Разведывательная служба Третьего рейха. Секретные операции нацистской внешней разведки — страница 72 из 85

Грубый просчет абвера. — Гейдрих приказывает установить наблюдение за некоторыми служащими абвера. — Я проверяю Канариса на предмет утечки информации. — Интриги католической церкви. — Трения между Канарисом и Гейдрихом. — Недостатки управления в абвере. — Досье Канариса уходит к Гиммлеру. — Его кампания против Канариса. — Приказ об аресте адмирала. — Он отказывается от возможности самоубийства. — Наша последняя встреча

К концу февраля 1942 г. положение адмирала Канариса уже не было столь устойчивым. Его друзья и подчиненные, наверное, не знали об этом, а я знал, что Гитлер всерьез обдумывает, как избавиться от него. Его падение ускорил инцидент, который приобрел немалое значение в битве умов между техническими специалистами, которая продолжалась на протяжении всей войны.

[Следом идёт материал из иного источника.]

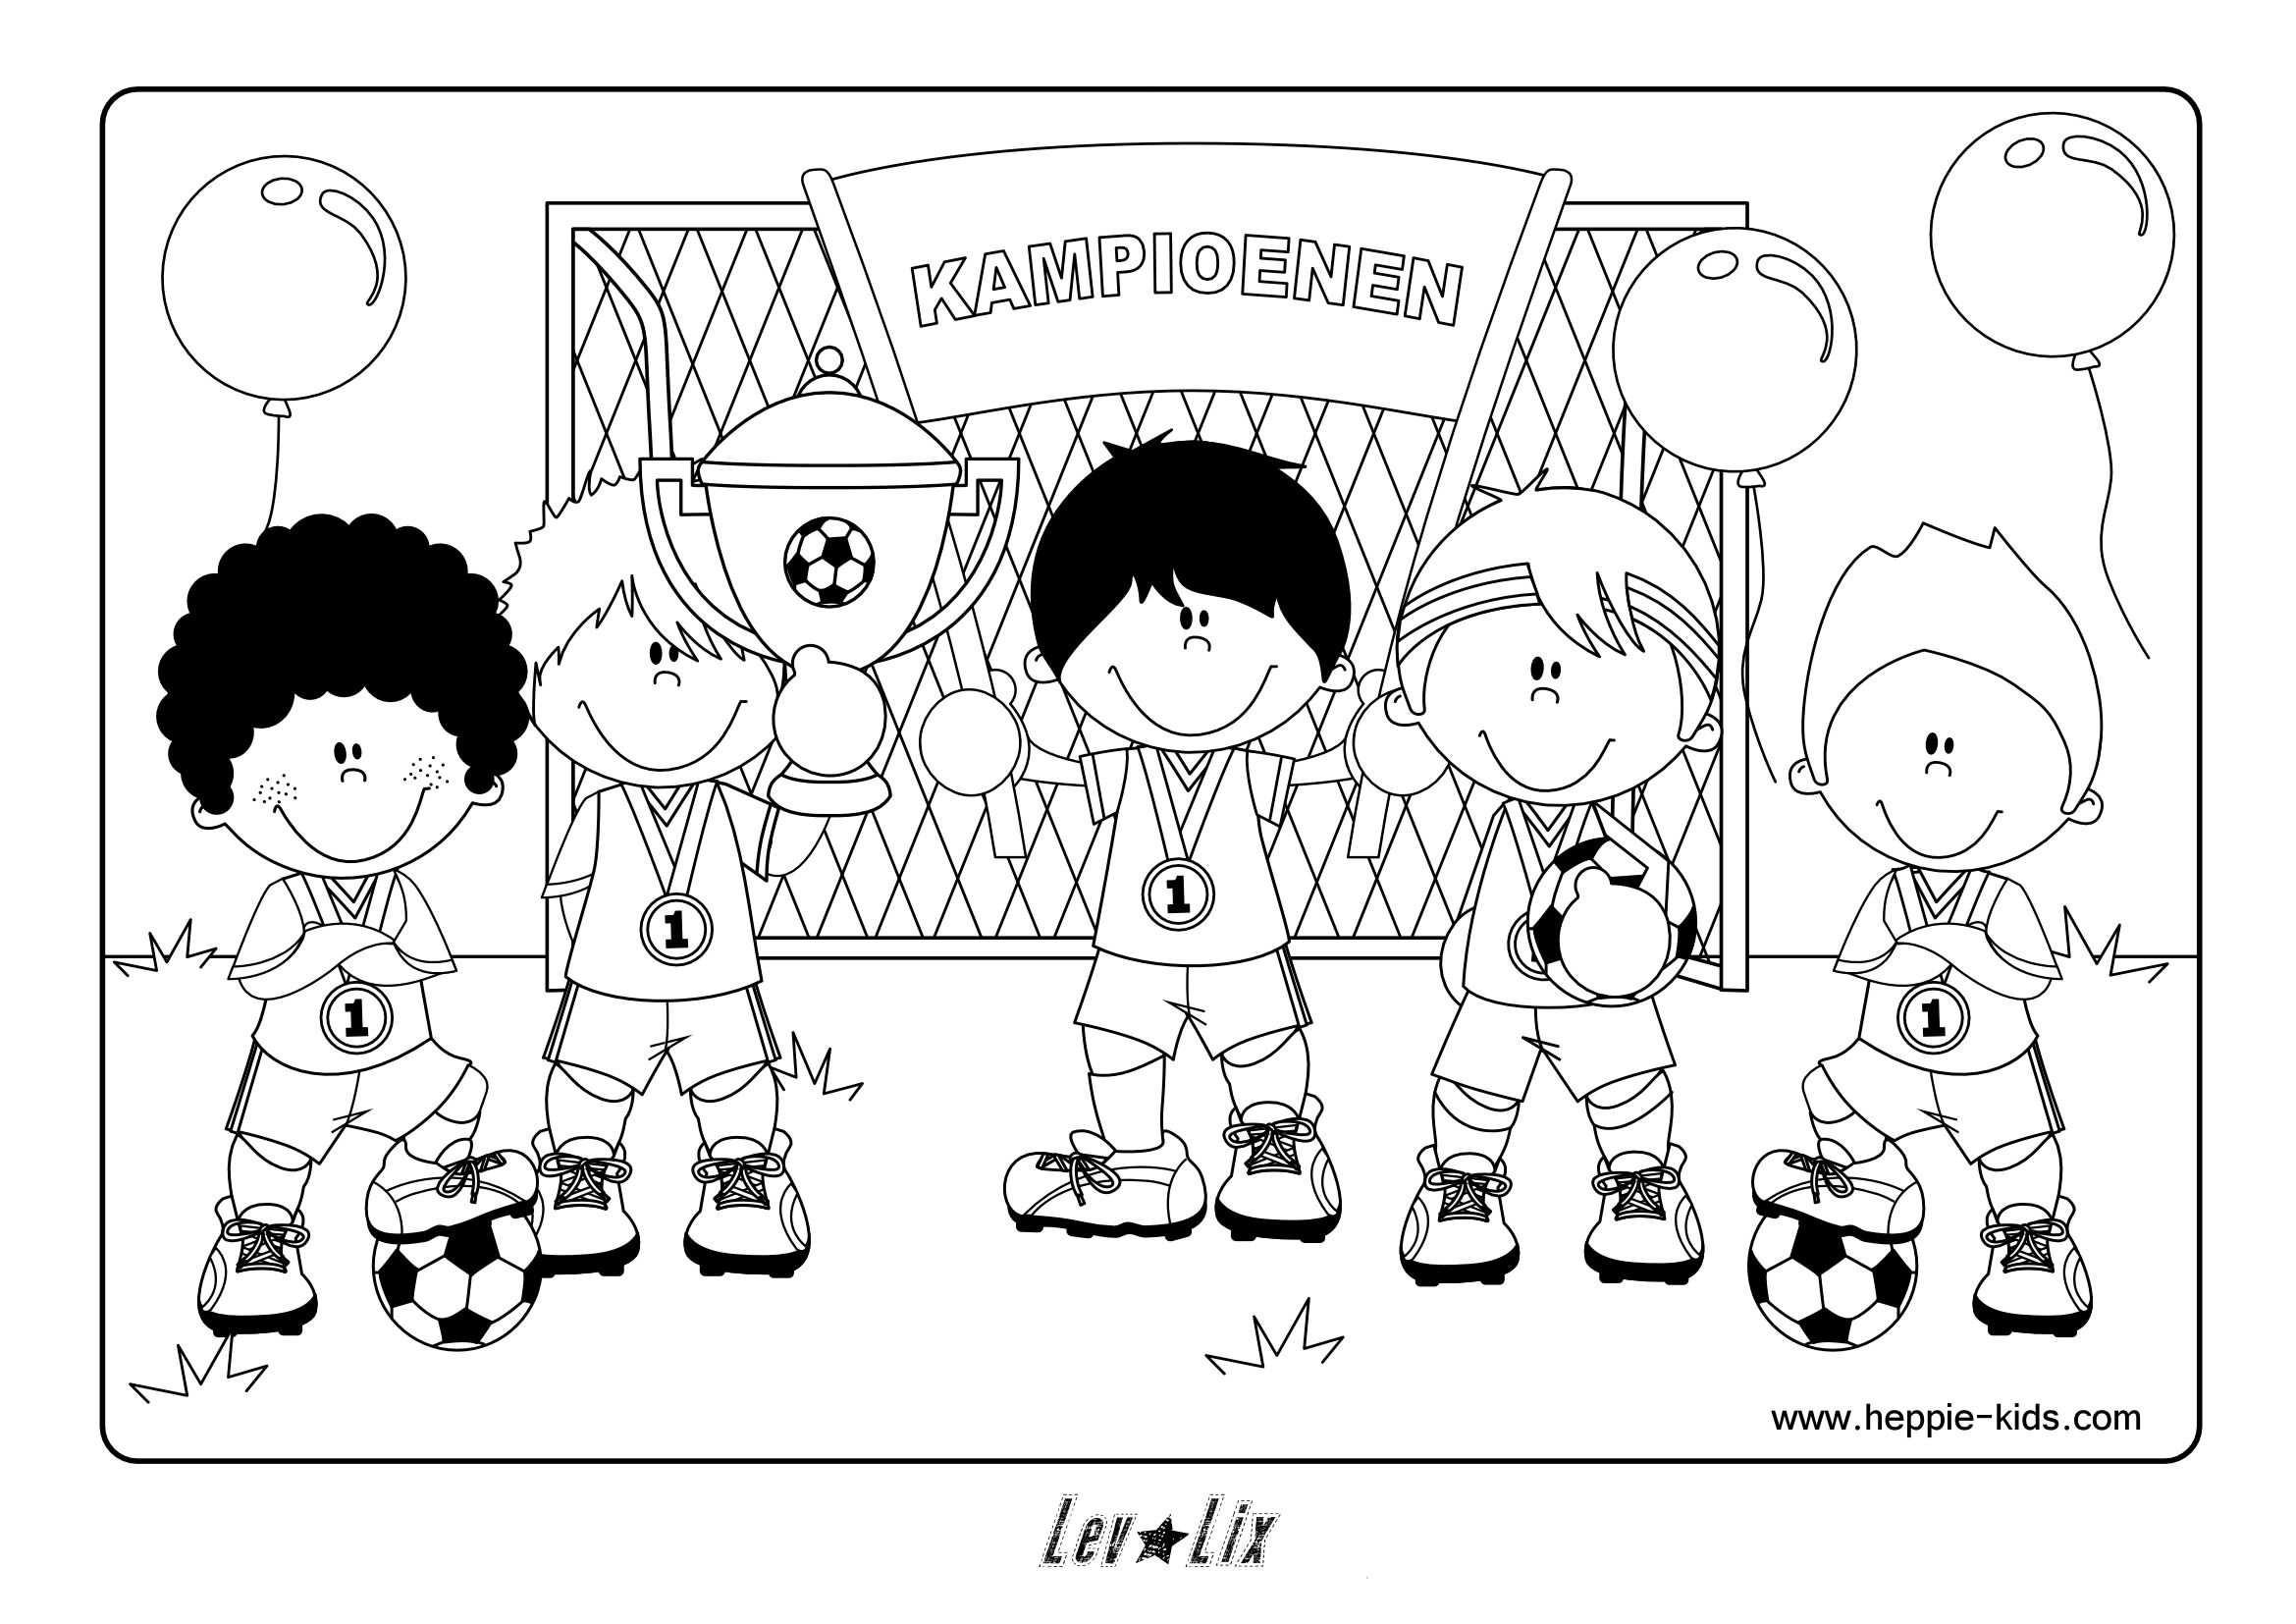 Kleurplaat Voetbal Www Heppie Kids Com Kleurplaten Voetbal Thema
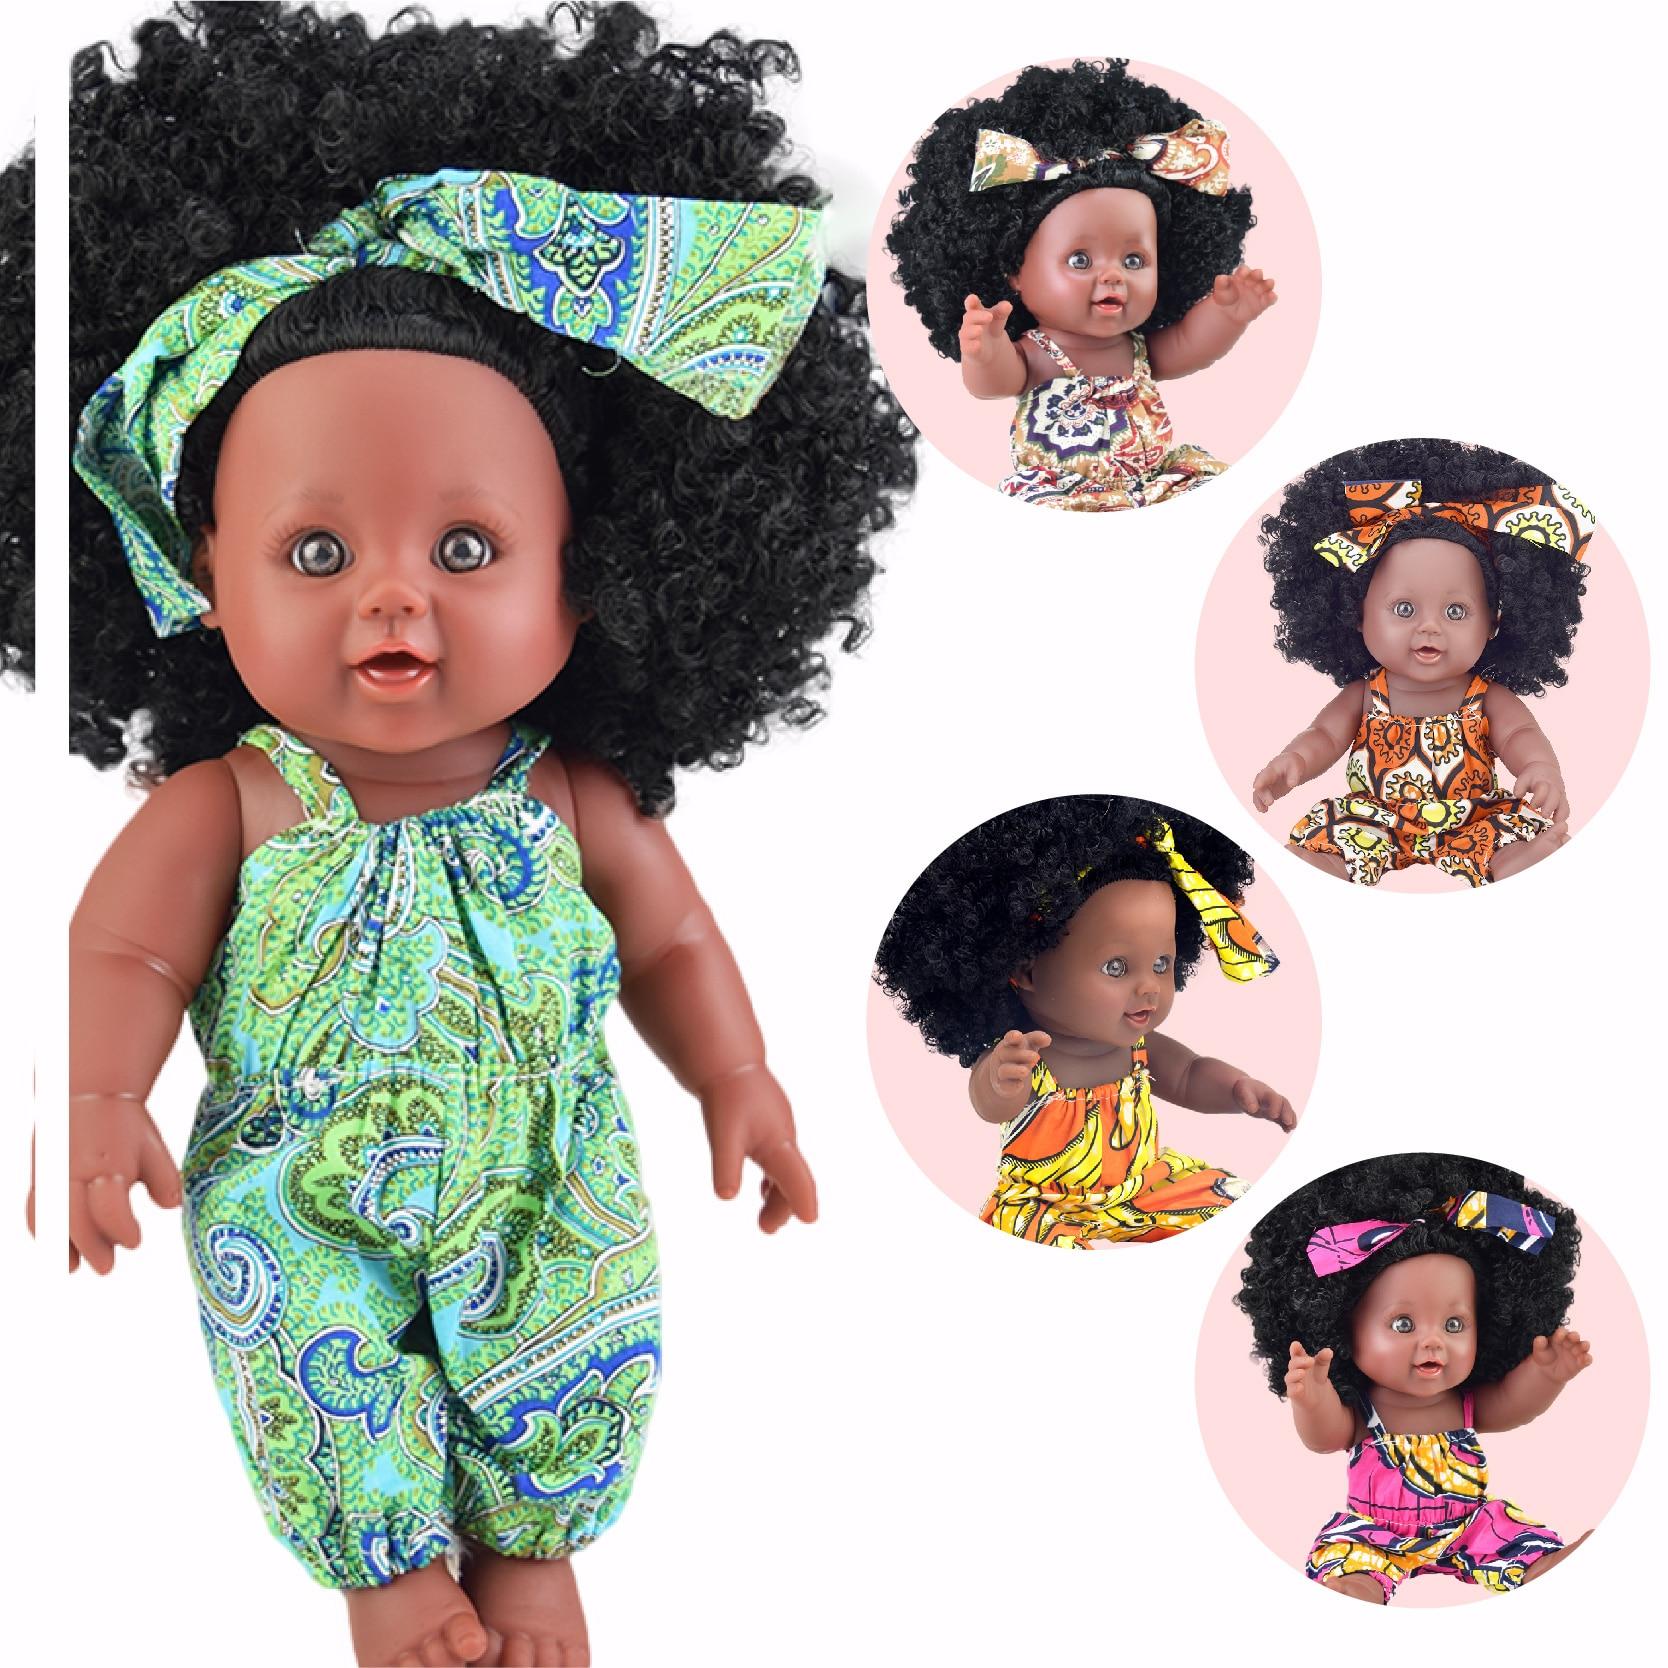 ¡Bebé negro muñecas pop Africana verde! 12 pulgadas lol muñecas de vinilo de silicona 30 cm recién nacido poupee boneca bebé de peluche chica, chico damas

Начиная с середины 1941 г. мы ввели в эксплуатацию новое средство обороны против вражеской авиации, которое с огромным мастерством было разработано техническим департаментом ВВС и использовалось столь широко, что наша противовоздушная оборона могла точно определить положение и расстояние до всех приближающихся вражеских самолетов. Это средство вместе с нашими автоматическими средствами наведения высокого уровня давало нам возможность наносить тяжелые потери врагу, так как оно охватывало все главные воздушные трассы Северной и Западной Европы.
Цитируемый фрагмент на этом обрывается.